Mrs. Surry applied to take her little girl as she was now quite able to support her. Mrs. Surry had a place at the State House, in consideration of injuries received by her husband in the war, by which she earned sixty dollars a month. Her sister would have the care of the child. Voted That Alice Gertrude Surry be given into the charge of her mother.

Very favorable reports had been received concerning the neighborhood in Lee, about which there had been some doubt, and Sophia Horst had therefore gone to live with Mrs. Glidden. Miss Palmer had received a letter from Sophia, who seemed to like her place very much. Voted That Miss Brown undertake the guardianship of Sophia Horst.
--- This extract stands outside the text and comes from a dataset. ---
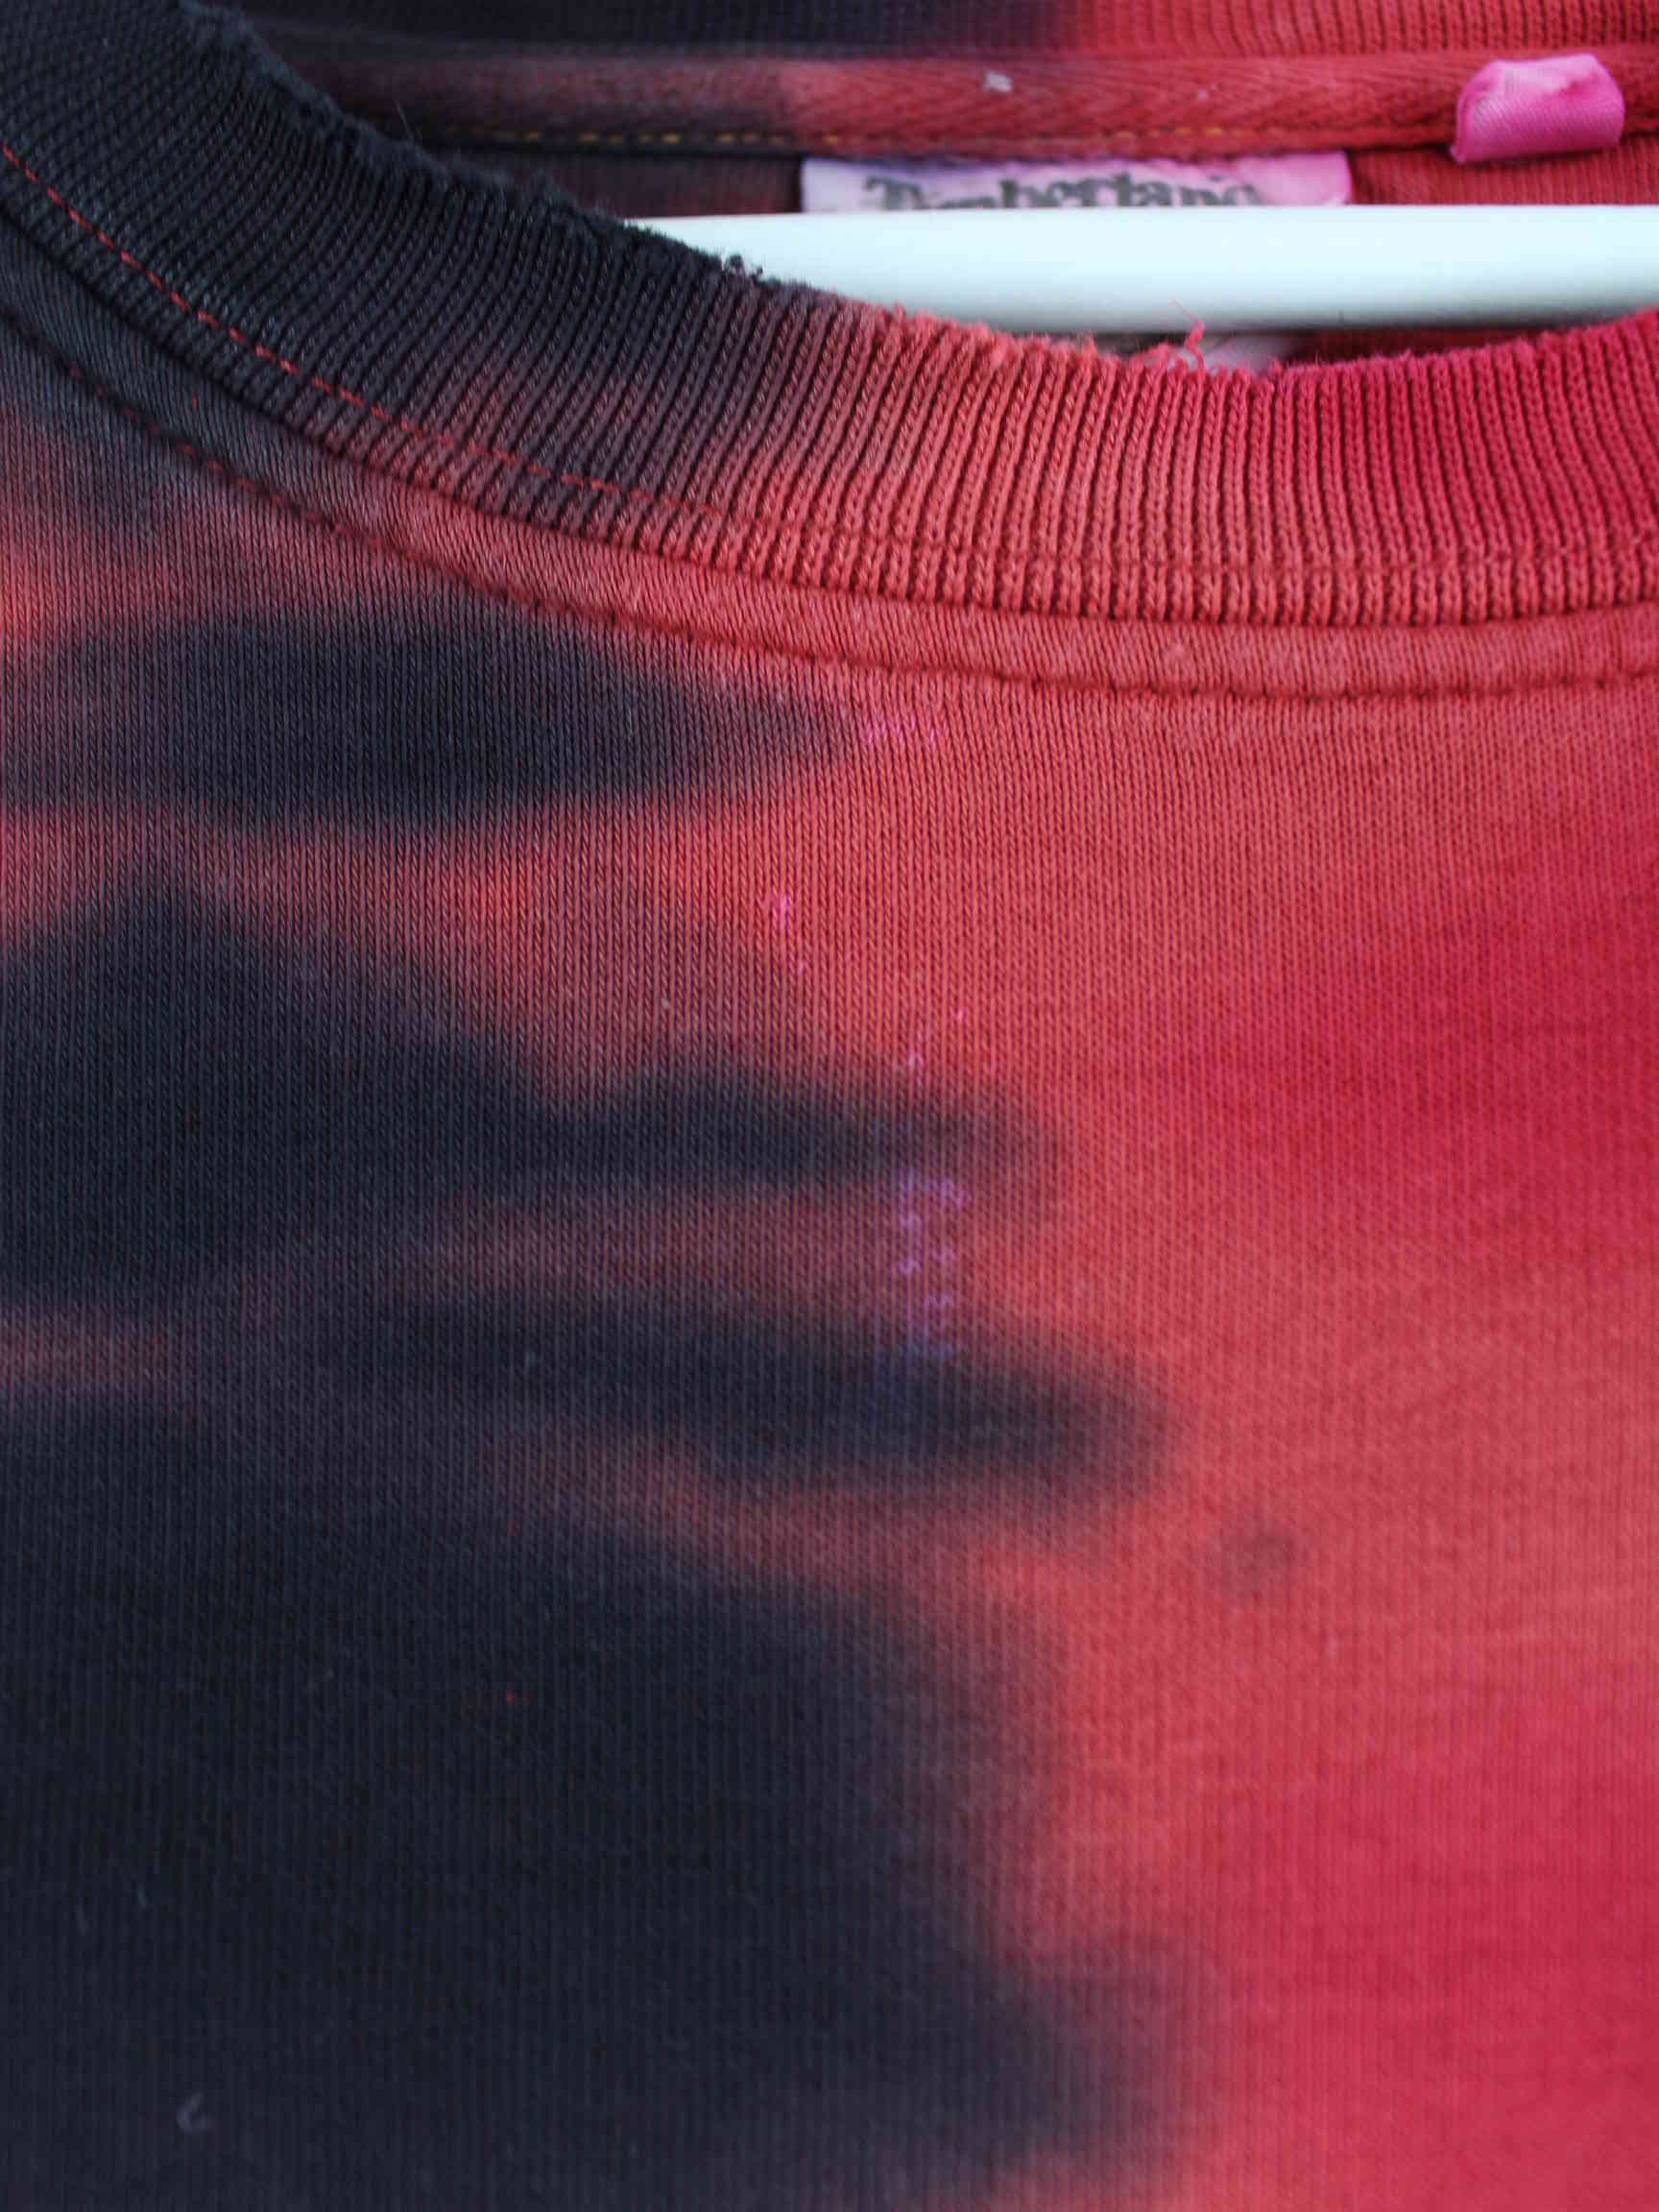 Timberland 90s Vintage Embroidered Tie Dye Sweater Rot XL (detail image 7)

Mrs. Rice, a woman who had been deserted by her husband, wished to put her two little girls into the Asylum. Voted That Ellen and Katy Rice be admitted.

Ida Swift was not behaving well and was reported to have a bad influence on the younger children. Asa Ida had been kept in the Asylum much beyond the usual time and could not be sent to a place on account of her deficiencies it was Voted That her mother be notified that she must remove her from the Asylum and that if this cannot be done Ida must be given up to the care of the City or State.

Mrs. Lyman gave a good report of Sarah Teel. Mrs. Robbins offered to be at the expense of keeping Clara Svenson for one year at her country boarding place, as she thought her very delicate. Voted That Mrs. Robbins's kind offer be accepted.